Previously, FIFA had only published a 42-page summary of his findings, released by its then-ethics judge, Hans-Joachim Eckert. The move upset Garcia, who said the reduced document misrepresented his work.
While the mystery of what details are contained in the full 430-page dossier has been revealed, it does not contain any additional proof of major acts of corruption. However, Garcia said some bidders tested rules of conduct to the limit.
"A number of executive committee members sought to obtain personal favours or benefits that would enhance their stature within their home countries or confederations,'' Garcia wrote.
FIFA critics believed bid leaders in Russia and Qatar must have engaged in wrongdoing to earn the votes of a FIFA executive committee lineup in 2010 that has since been widely discredited.
Most of those who took part in the 2010 vote have since been banned for unethical conduct, indicted on corruption charges by the U.S. Department of Justice, or remain under scrutiny by Swiss federal prosecutors who have 25 ongoing investigations involving more than 170 bank transactions suspected as money laundering.
Bild was planning to publish extracts from the 430-page dossier over the next few days, but football's world governing body published its entire findings on Tuesday, saying "for the sake of transparency, FIFA welcomes the news that this report has now been finally published."
Journalist Peter Rossberg, who obtained the leaked copy, said it would "be naive to believe that people like Garcia or [then deputy chairman of the investigatory chamber of FIFA ethics committee Cornel] Borbely could have been able to find definite proof."
However, he added that "especially with Qatar there are many strong indicators which basically don't allow for another conclusion. It's a general picture about greed, corruption and cover-ups."
The Garcia report includes details of a two million Swiss franc payment into the account of the 10-year-old daughter of a FIFA official.
That allegation surfaced in Brazilian and British media more than three years ago, naming the official as Ricardo Teixeira. The Brazilian left FIFA in 2012 to avoid sanctions for taking kickbacks.
The report also details the role that the Qatari Aspire Academy played in manipulating FIFA officials with voting rights. Three FIFA executive committee members travelled to Brazil in a private Qatari FA plane in late 2010, just days prior to the vote that saw Qatar awarded the 2022 World Cup.
Garcia's report states that Qatar's Aspire sports academy was used to "curry favor with executive committee members." This, Garcia added, "created the appearance of impropriety. Those actions served to undermine the integrity of the bidding process."
Eckert's summary stated that Qatar "pulled Aspire into the orbit of the bid in significant ways." Yet he concluded the "potentially problematic facts and circumstances" about Qatar's bid did not "compromise the integrity" of the overall bid process.
Garcia's team found "no evidence" that Russia's bid team or Vladimir Putin, then prime minister, unduly influenced FIFA voters.
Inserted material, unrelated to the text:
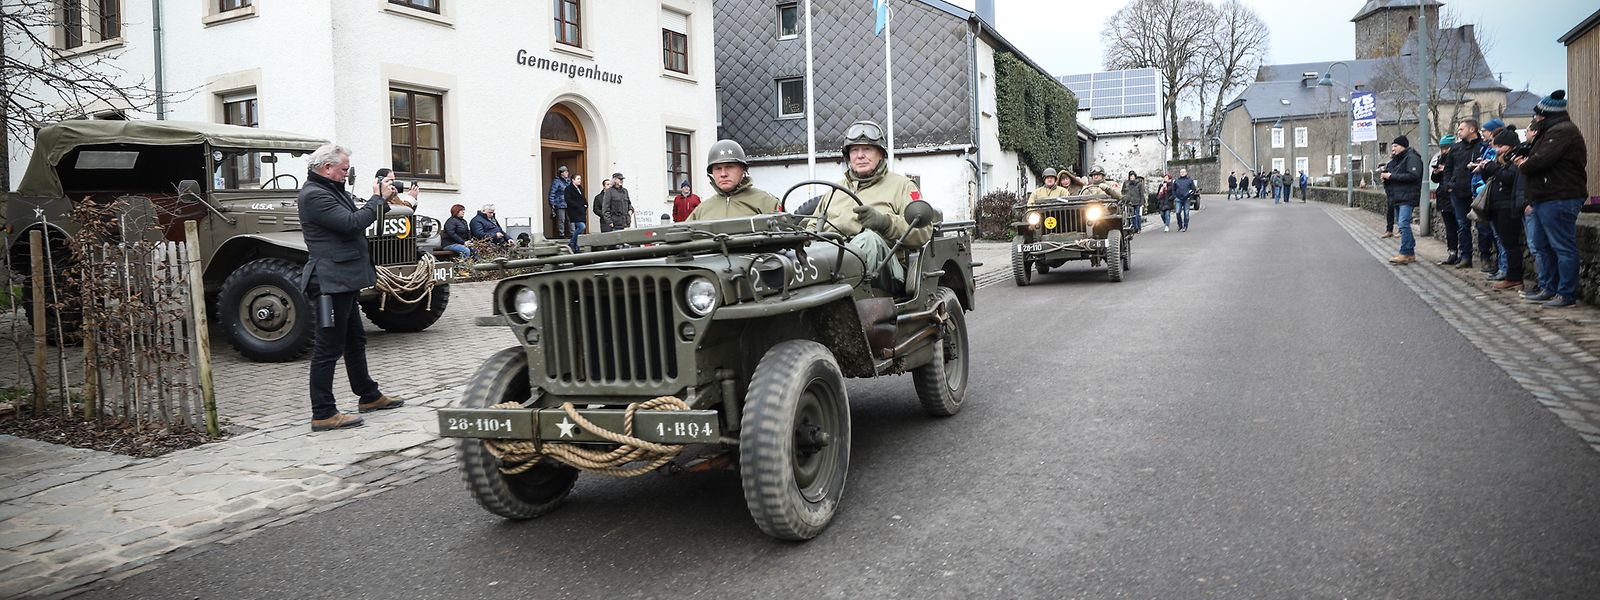 Mit historischen Militärfahrzeugen in allen Gassen schien Munshausen am Samstag regelrecht an den Thanksgiving-Tag des Jahres 1944 zurückkatapultiert.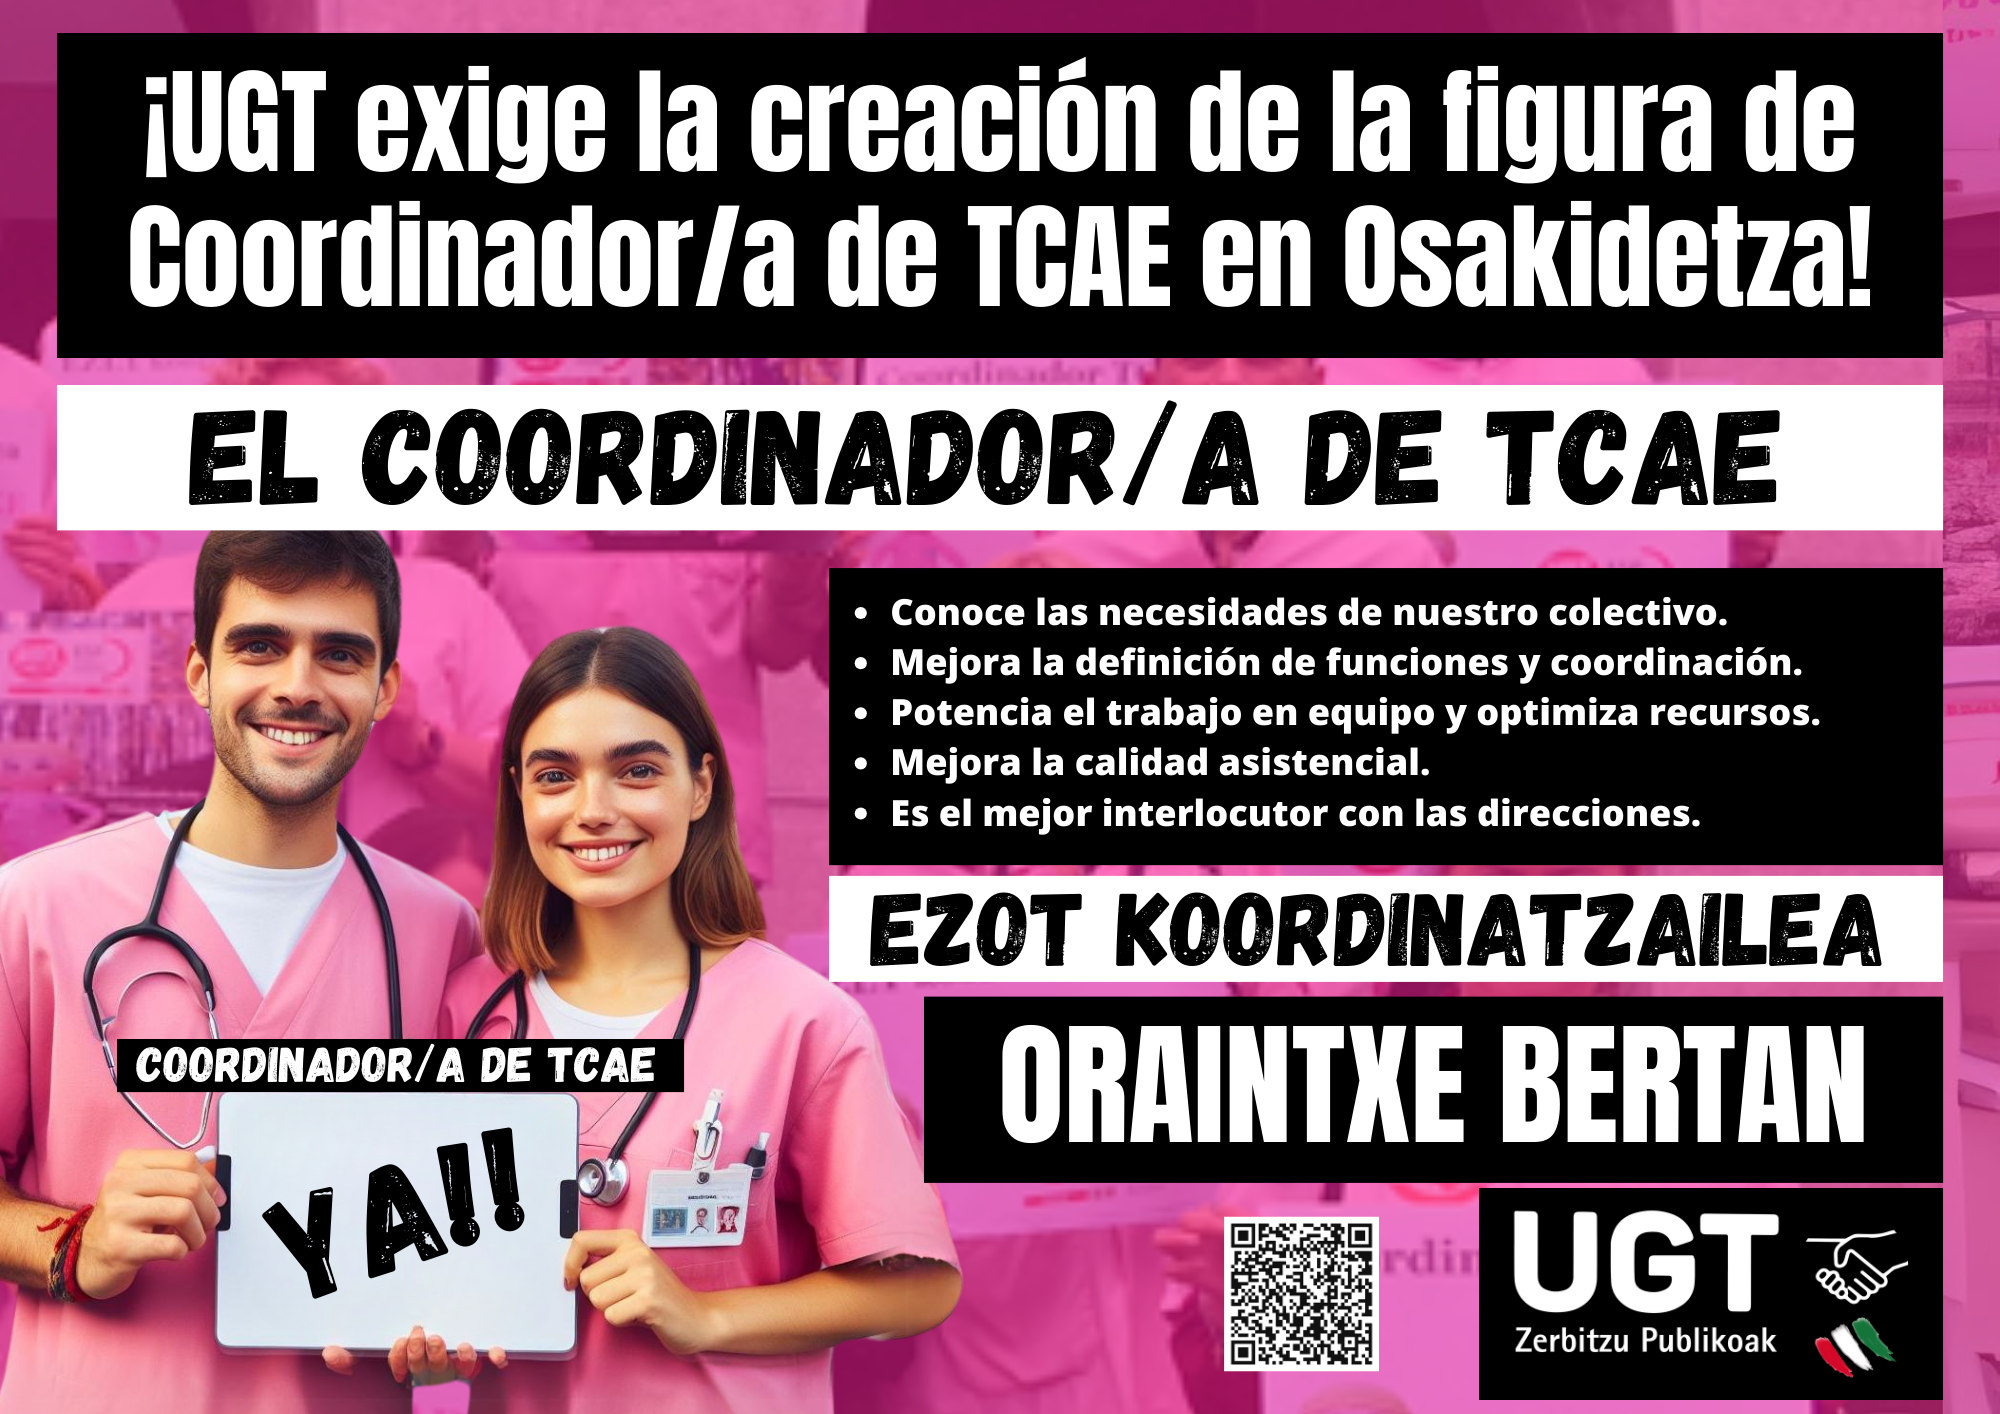 ¡UGT exige la creación de la figura de Coordinador/a de TCAE en Osakidetza!

Putin hosted six of the 22 voting members of the FIFA executive committee in the weeks before the December 2010 vote.
However, Russia "made only a limited amount of documents" available to Garcia's team, Eckert wrote in 2014. Garcia had been banned in 2013 from entering Russia, the bid team's leased computers were later destroyed, and staffers' email accounts were not retrieved from Google.
The report found England's 2018 World Cup bid team "accommodated" "improper requests" from former FIFA vice-president Jack Warner, while the United States' effort to host the 2022 World Cup generally followed FIFA's bidding rules, a separate part of the report written by Borbely found.
Garcia said he lost confidence in the independence of FIFA's ethics committee after the body failed to release the whole report. He resigned, though not before FIFA handed his work to Switzerland's attorney general. The Swiss investigation is ongoing and Garcia is now an appeals court judge in the state of New York.